In yesterday’s commentary, we said that “If the Nasdaq manages to leap to a new closing high this week, above the 2,626 level, it will probably pull the discombobulated S&P back above its 50-day MA.” That’s exactly what happened yesterday. The Nasdaq Composite’s close of 2,632 was still below the intraday high of June 20, but it marked a fresh multi-year closing high. After five straight failed attempts to do so, the S&P closed back above its 50-day MA. Still, the index remains 1.3% below its high, so we’re not “out of the woods” yet. As we’ve been saying nearly every day for the past several weeks, the best and lowest risk buying opportunities clearly remain in the Nasdaq.

With the market closing three hours early today, there probably won’t be much happening beyond the first hour. Therefore, we’ll wait until Thursday, after the holiday has passed, to re-assess which industry sectors are showing the best chart patterns and relative strength. In the meantime, let’s keep an eye on the S&P to make sure it holds above its 50-day MA for more than a day. The Nasdaq 100 Index Tracking Stock (QQQQ) may be in play on the long side if its breakout holds into Thursday’s session.
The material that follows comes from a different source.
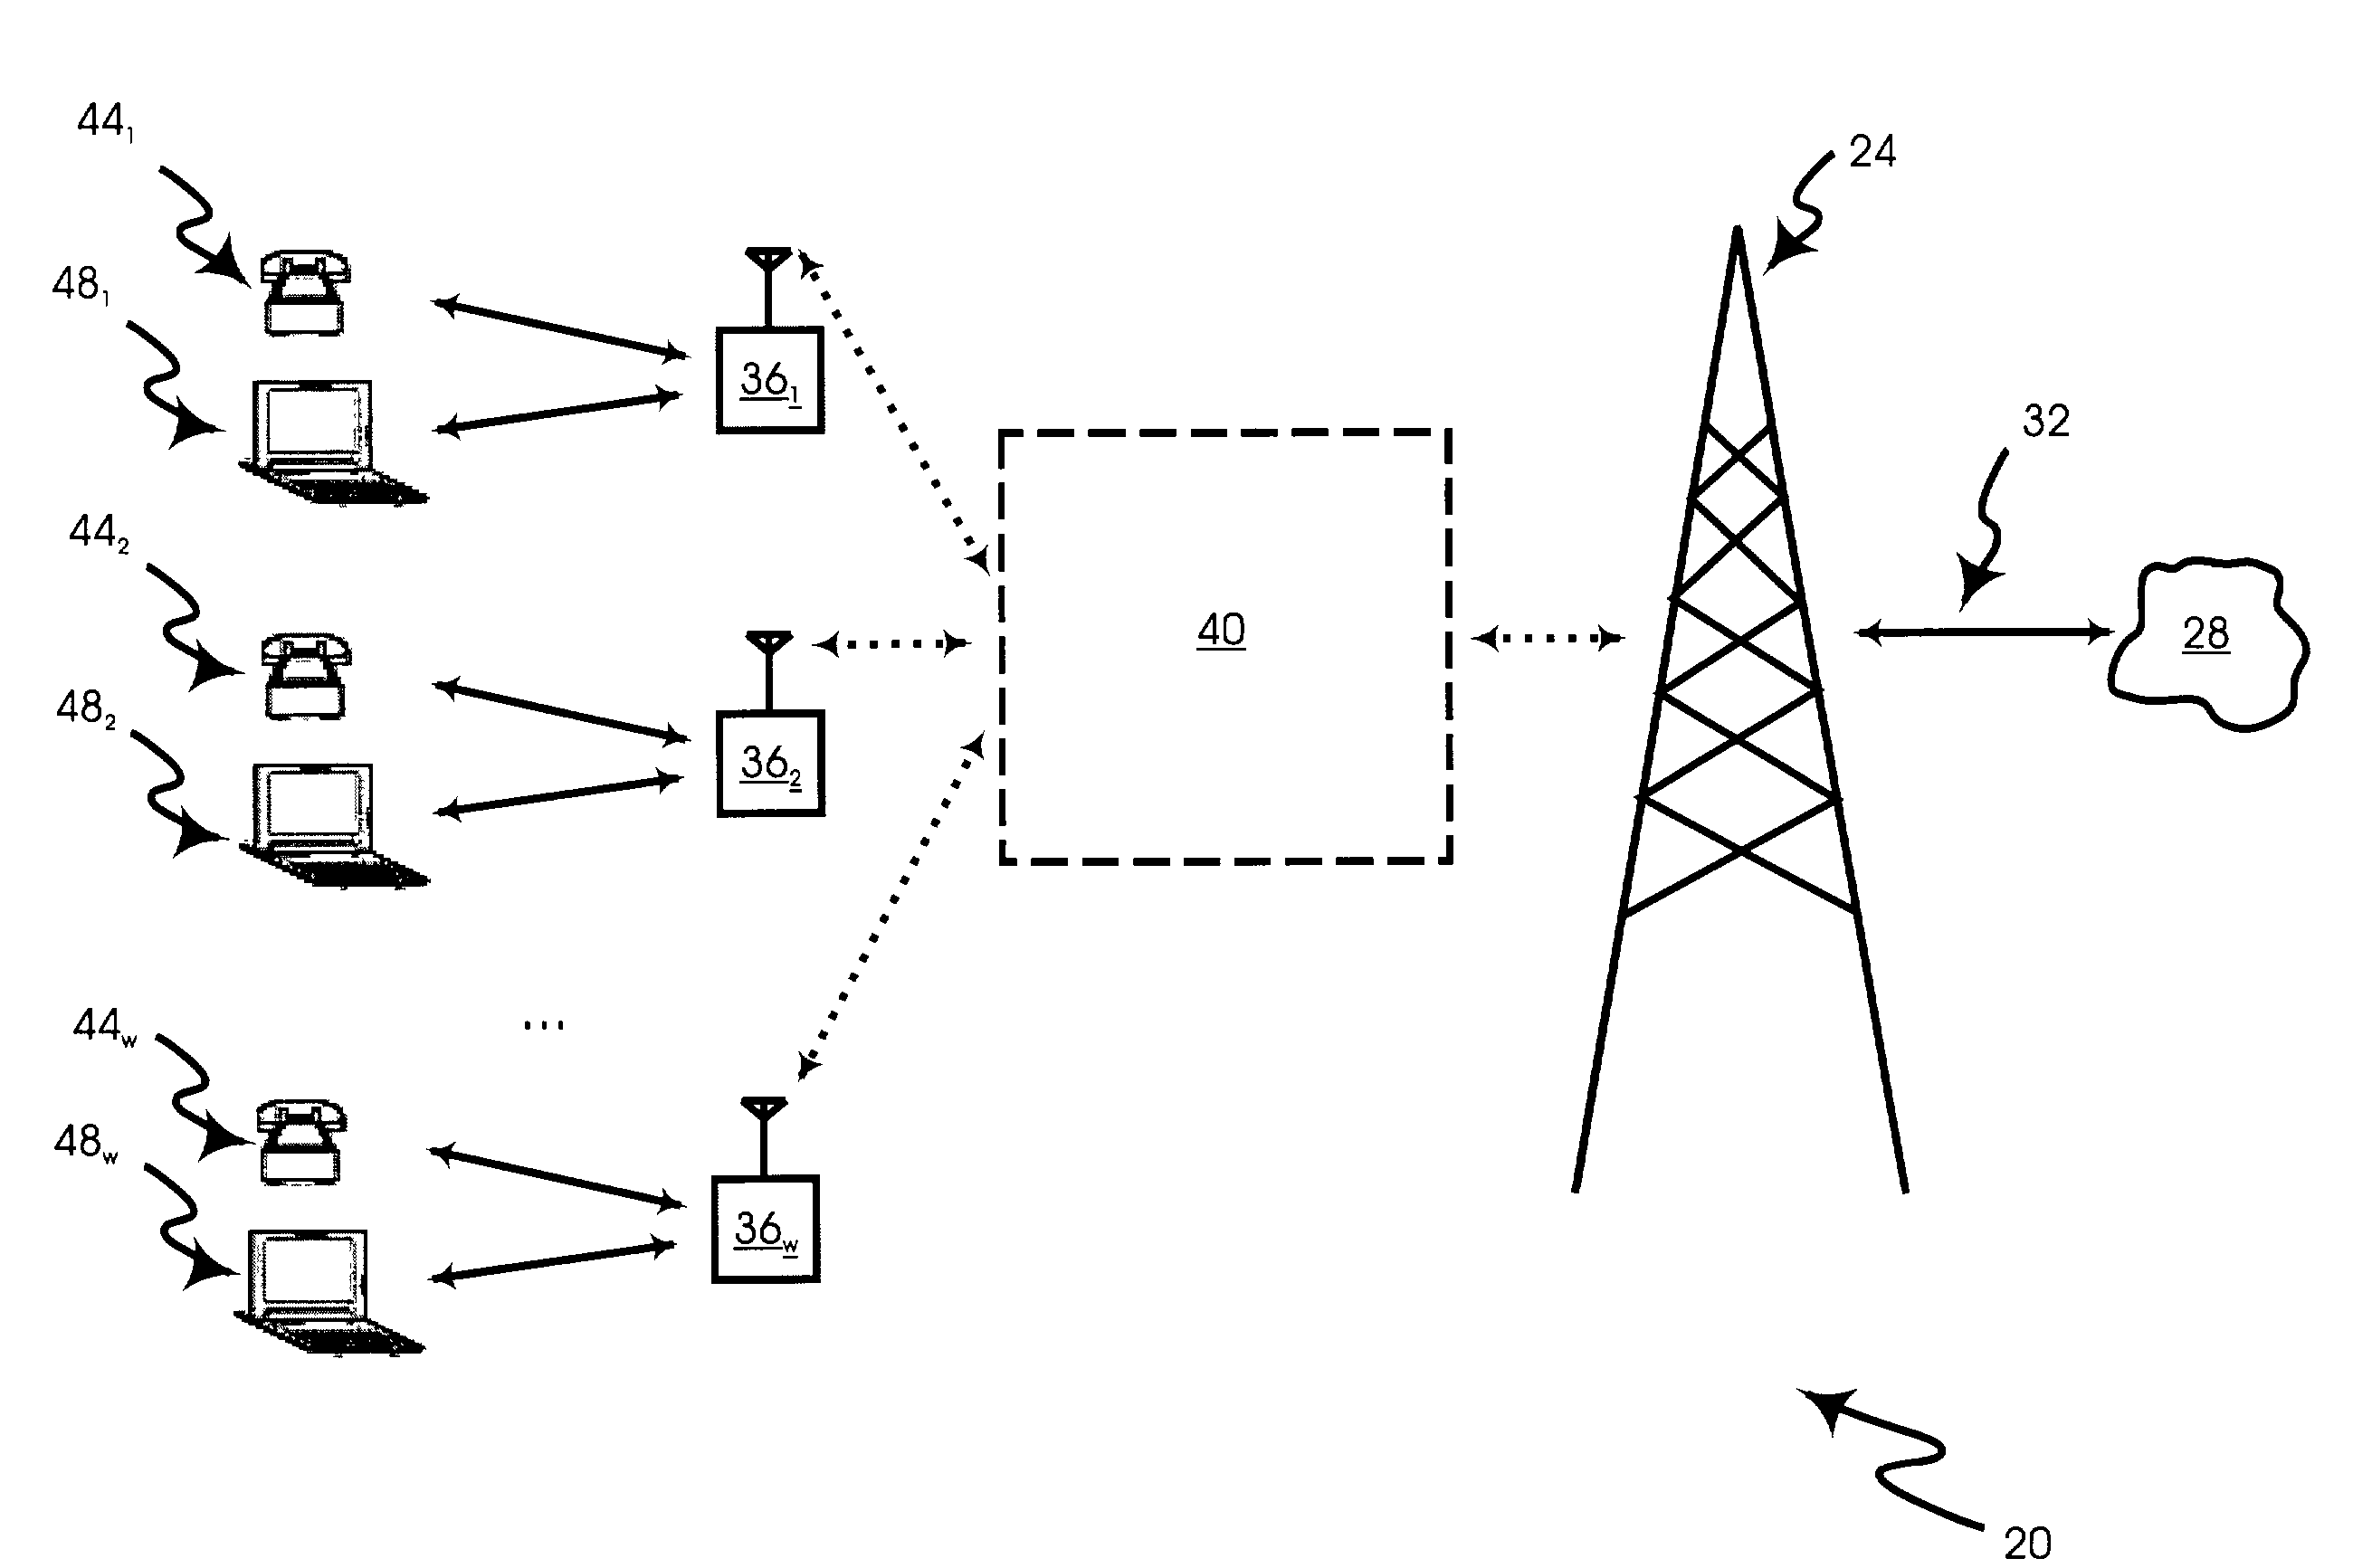 Wireless local loop antenna

NOTE: The stock markets will close early, at 1:00 pm EDT on Tuesday, July 3. On Wednesday, July 4, the markets will be closed the full day. As such, The Wagner Daily will not be published on July 4. Regular publication will resume on Thursday, July 5. Enjoy the holiday with your friends and family!

Today’s Watchlist:

There are no new setups in the pre-market today. If QQQQ holds near yesterday’s high, we will consider buying the breakout on Thursday. However, we are reluctant to enter new positions ahead of the holiday.

Daily Performance Report:

Below is an overview of all open positions, as well as a performance report on all positions that were closed only since the previous day’s newsletter. Net P/L figures are based on the $50,000 Wagner Daily model account size. Changes to open positions since the previous report are listed in red text below:

    Open positions (coming into today):

      EWO short (450 shares total – 300 shares from June 6, 150 shares from June 20) –

      sold short 40.68 (avg.), stop 40.83 (see note below), target 37.75, unrealized points = + 0.05, unrealized P/L = + $23

      KCE short (200 shares from June 29 entry) – sold short 69.40, stop 71.28, target 65.40, unrealized points = (0.26), unrealized P/L = ($52)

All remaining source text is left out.